> _EXERCISE_: Transcribe the listing verbatim, please, with images dropped.

> _INPUT DATA_:
BEGIN

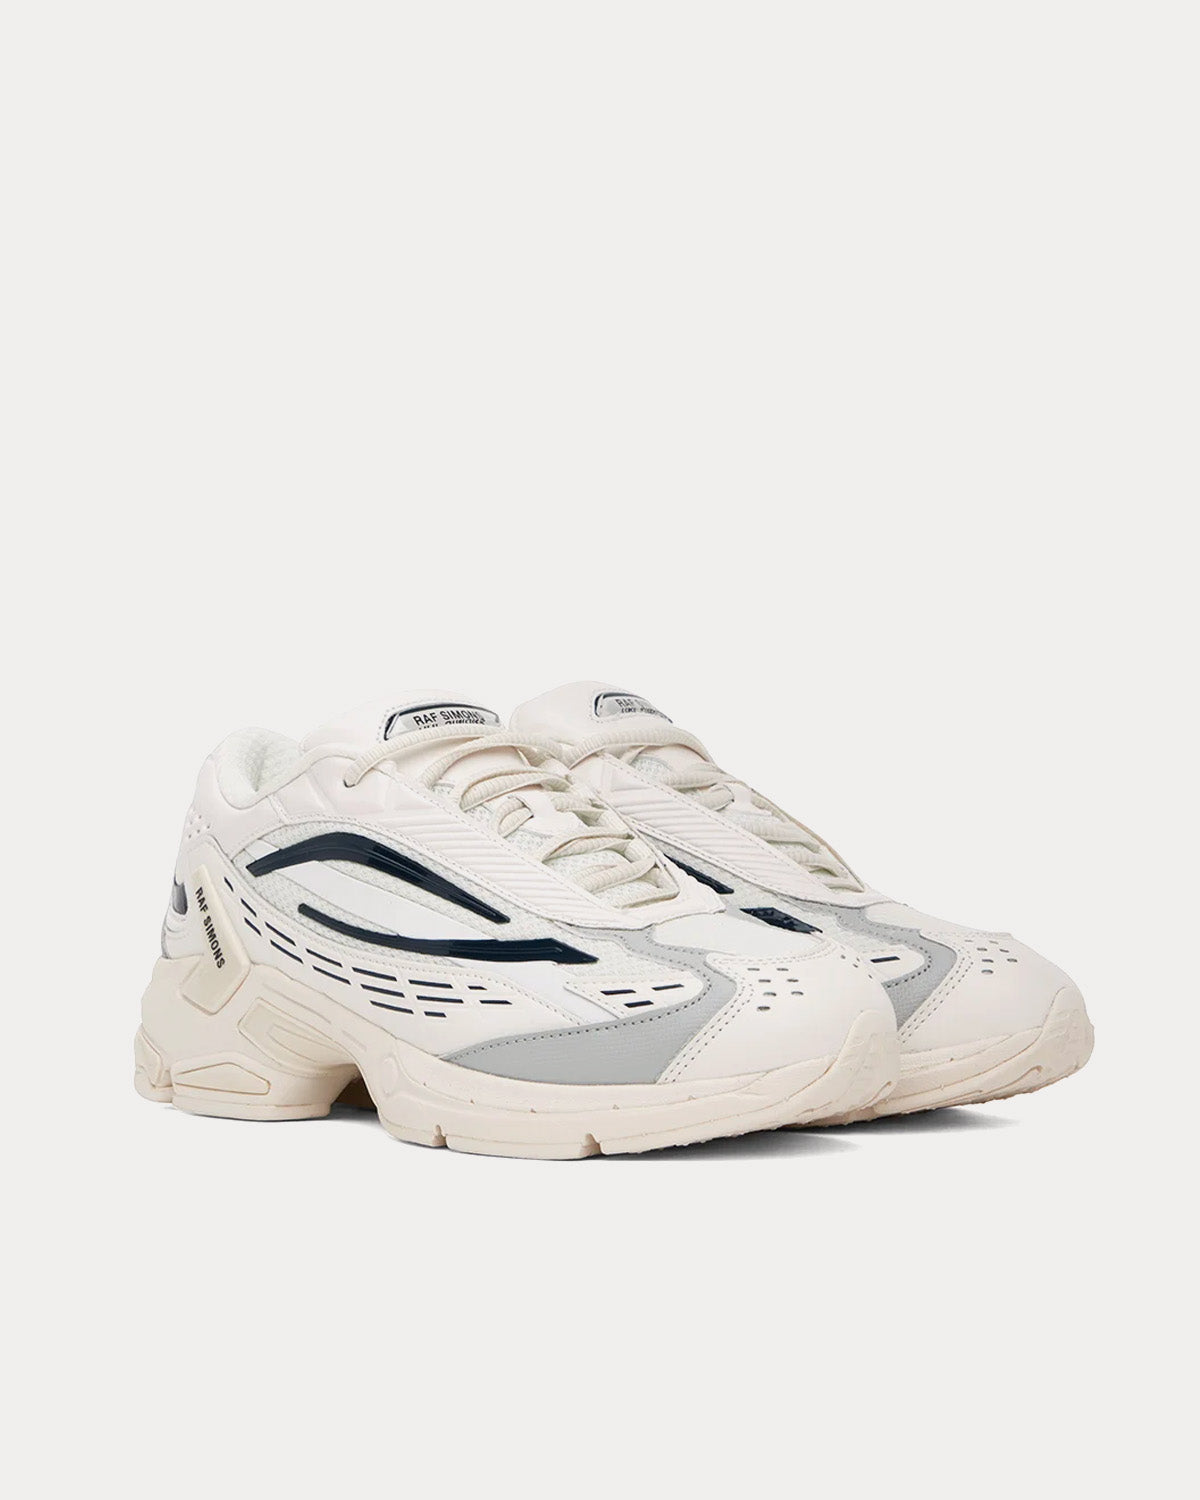 Raf Simons - Ultrasceptre Off-White / Grey Low Top Sneakers
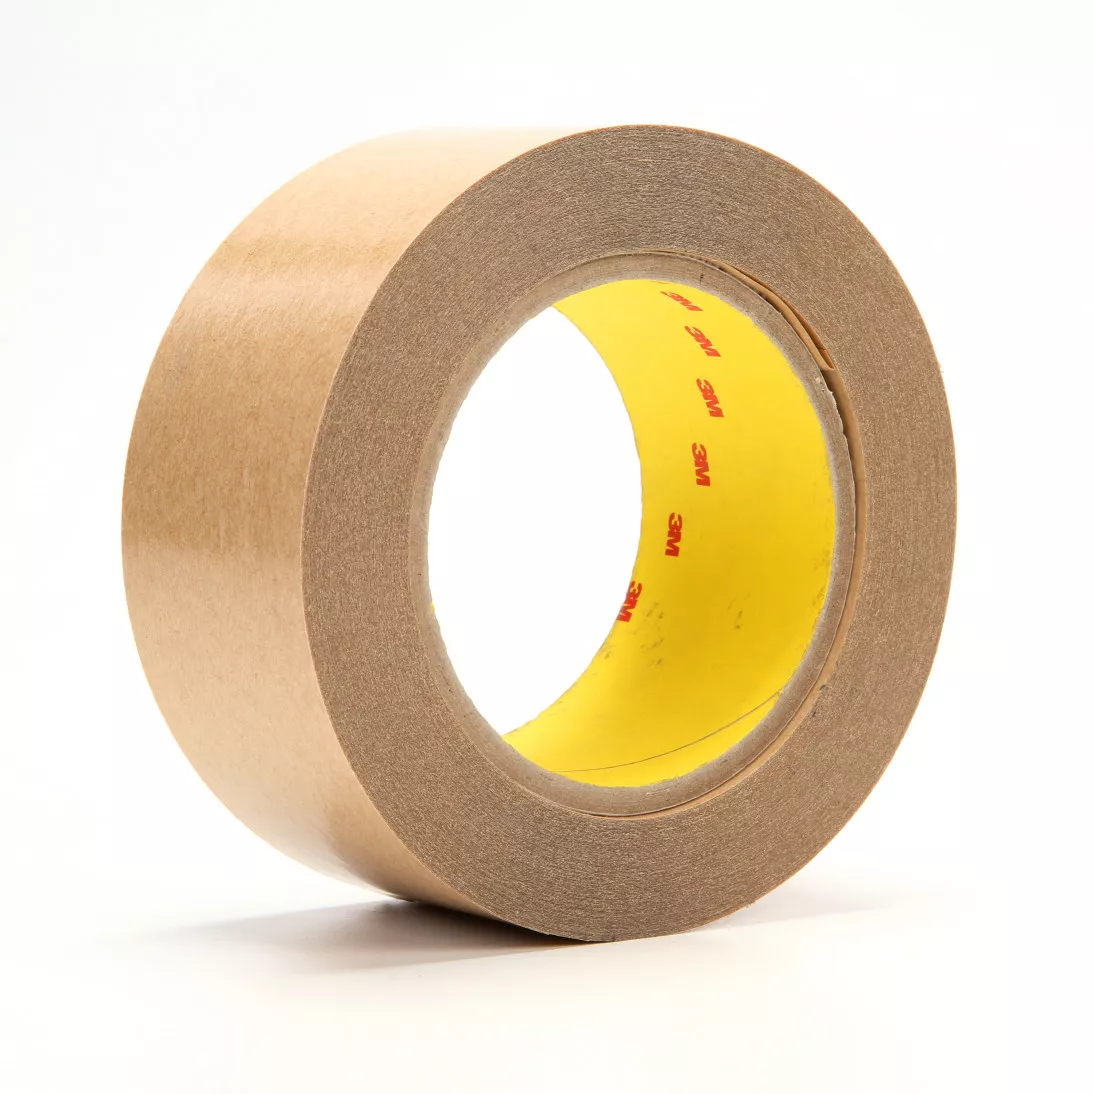 3M™ Double Coated Tape 415, Clear, 2 in x 36 yd, 4 mil, 24 rolls per
case

END

> _ANSWER BELOW_:
 Raf Simons - Ultrasceptre Off-White / Grey Low Top Sneakers
 3M™ Double Coated Tape 415, Clear, 2 in x 36 yd, 4 mil, 24 rolls per
case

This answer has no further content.